FAQ
Questions companies usually ask first
Clear answers help you understand how the engagement works before we get on a call.
What Is Computer Vision Quality Inspection For Manufacturing?
Computer vision quality inspection uses cameras, image processing, AI models, review screens, dashboards, and integrations to detect or classify defects on parts, products, labels, packaging, assemblies, or production-line output.
What Defects Can Computer Vision Detect?
Computer vision can support scratches, dents, missing parts, incorrect assembly, label errors, surface marks, shape variation, package issues, color differences, dimension signals, contamination, and other visible defects when the image quality and defect examples are suitable.
Do We Need Cameras Installed Before Starting?
Not always. We can start with sample images, existing inspection photos, video clips, or a camera-readiness review. If the use case is promising, the pilot can define camera placement, lighting, lens needs, station setup, and data capture requirements.
Should Inspection AI Run On Edge Hardware Or In The Cloud?
Edge or local inference is often useful for low latency, plant connectivity, privacy, and high camera volume. Cloud inference can simplify central updates, heavier models, and cross-site reporting. The right choice depends on line speed, image volume, network rules, and maintenance ownership.

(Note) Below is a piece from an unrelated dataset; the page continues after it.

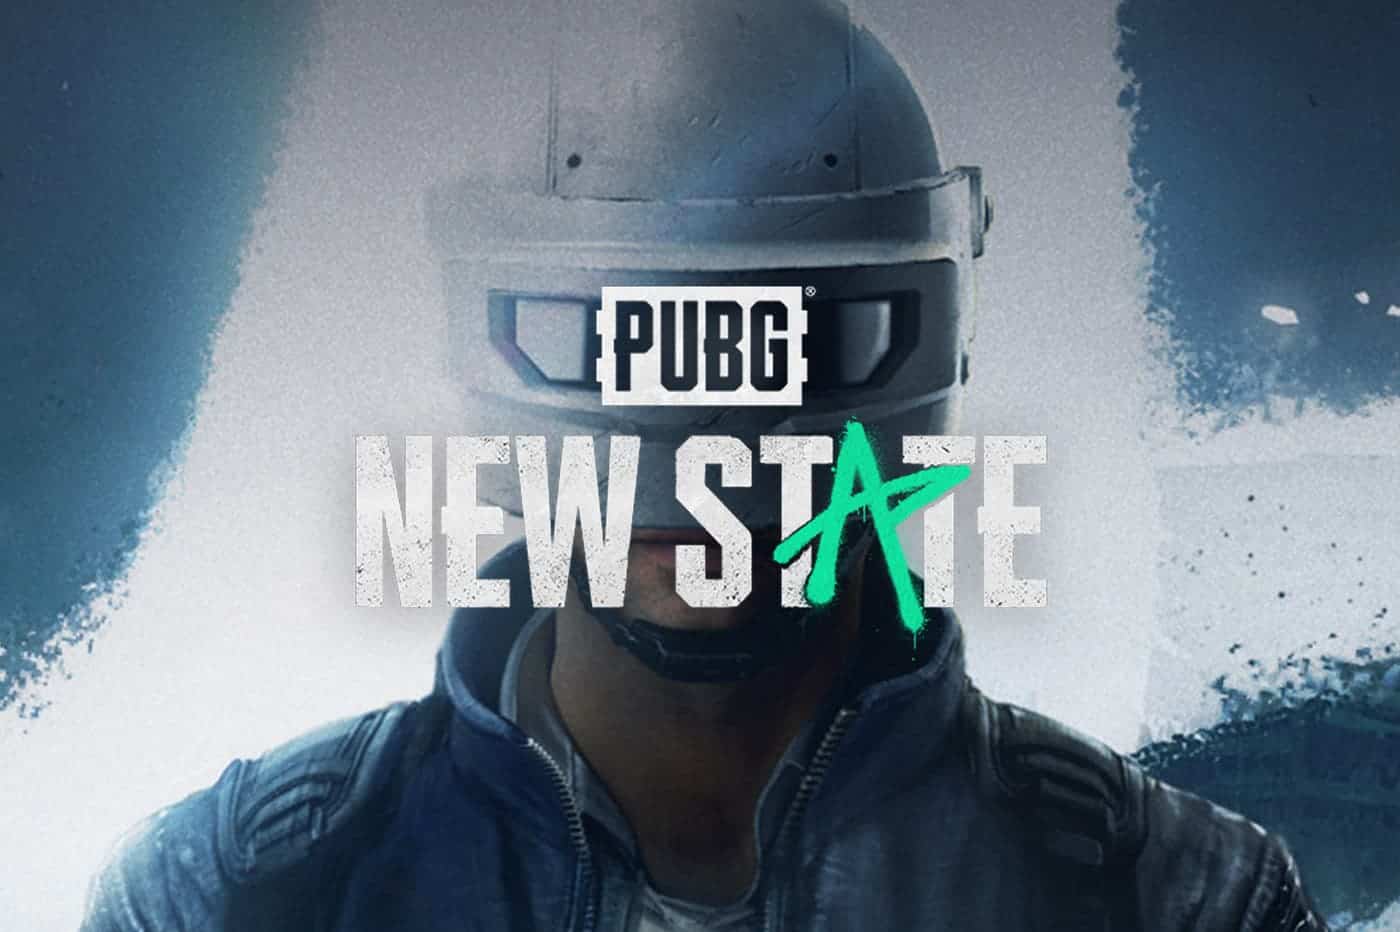 Top 3 features of PUBG New State

Can Computer Vision Inspection Integrate With ERP, MES, Or QMS Systems?
Yes. We can connect inspection decisions, evidence, defect counts, batch details, alerts, and QA reports to ERP, MES, QMS, WMS, ticketing, dashboards, or custom APIs depending on your current system access.
How Do You Measure Whether An Inspection Model Is Ready?

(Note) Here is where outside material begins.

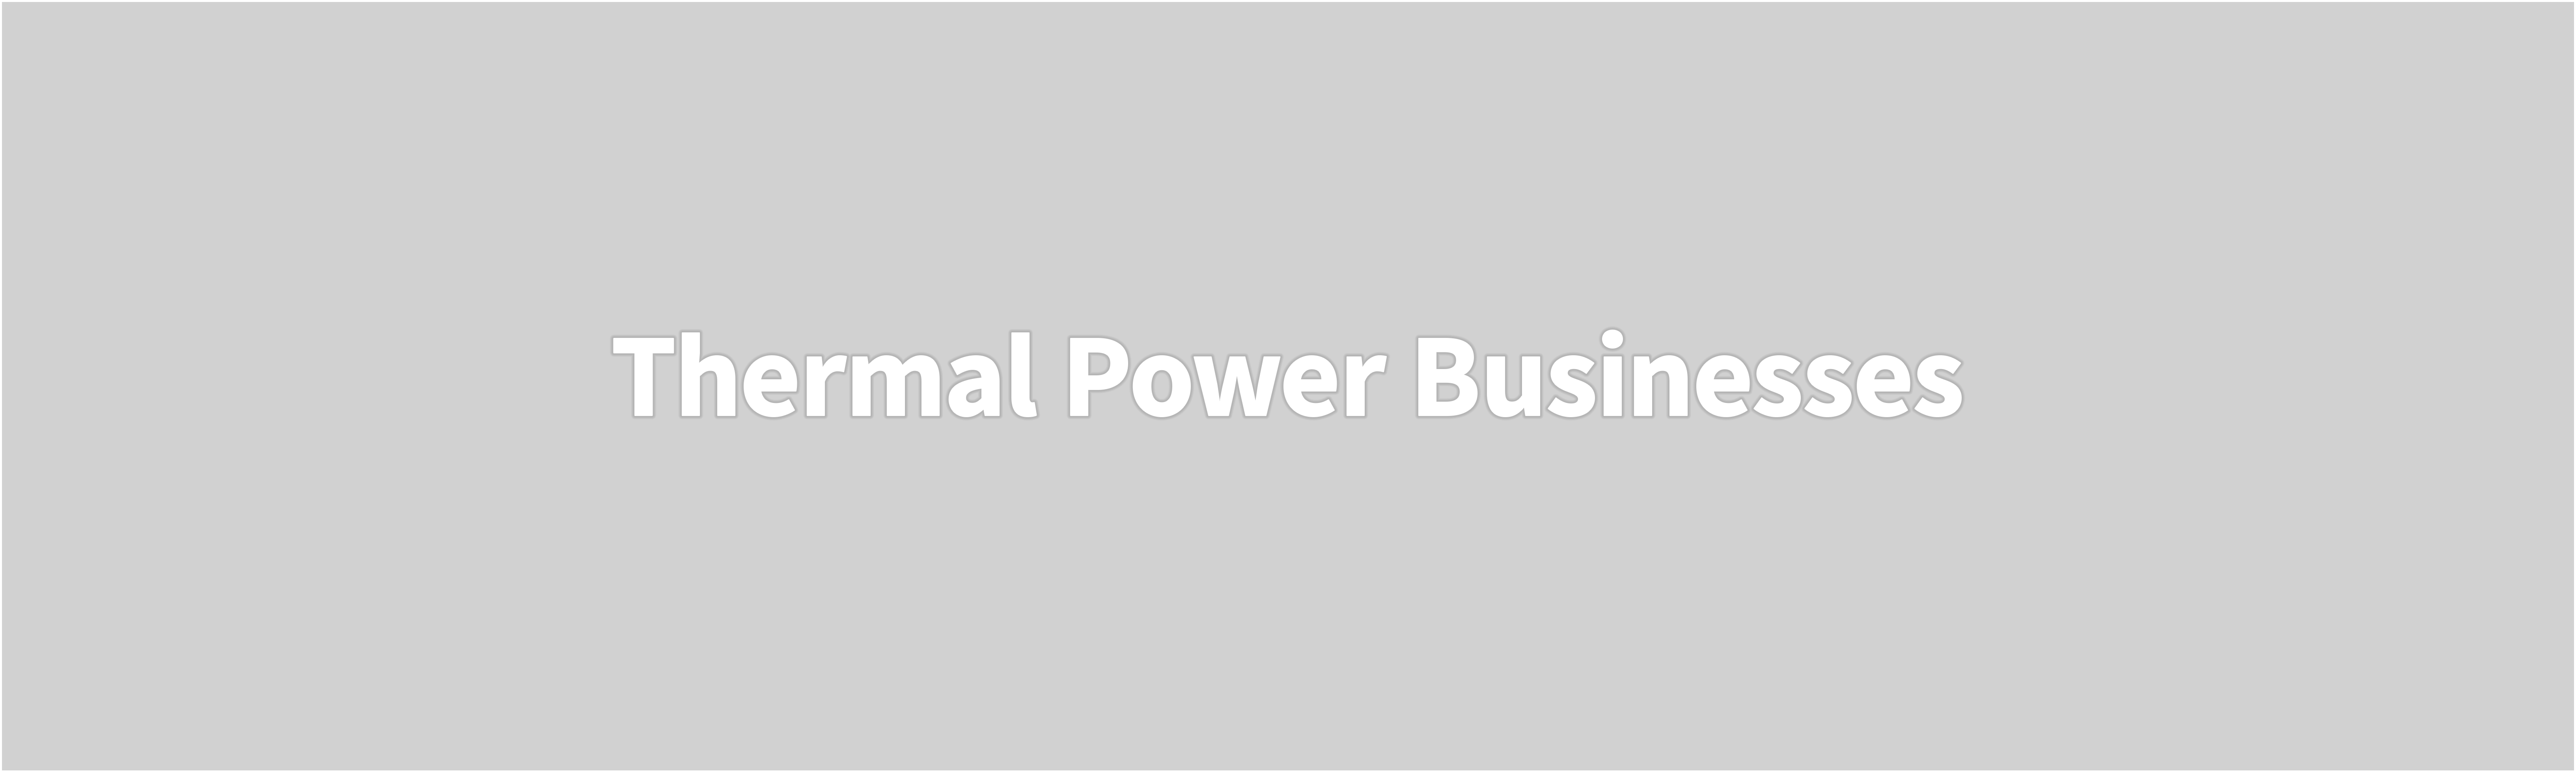 Thermal Power Businesses

Readiness is measured with business and model metrics: missed-defect risk, false-positive rate, precision, recall, latency, operator review workload, station throughput, evidence quality, integration reliability, and improvement against the baseline inspection process.
How Long Does A Manufacturing Vision Inspection Pilot Take?
Timeline depends on sample availability, defect variety, labeling effort, camera setup, line access, integration needs, and target accuracy. A feasibility review can quickly separate a focused pilot from a larger data or hardware preparation effort.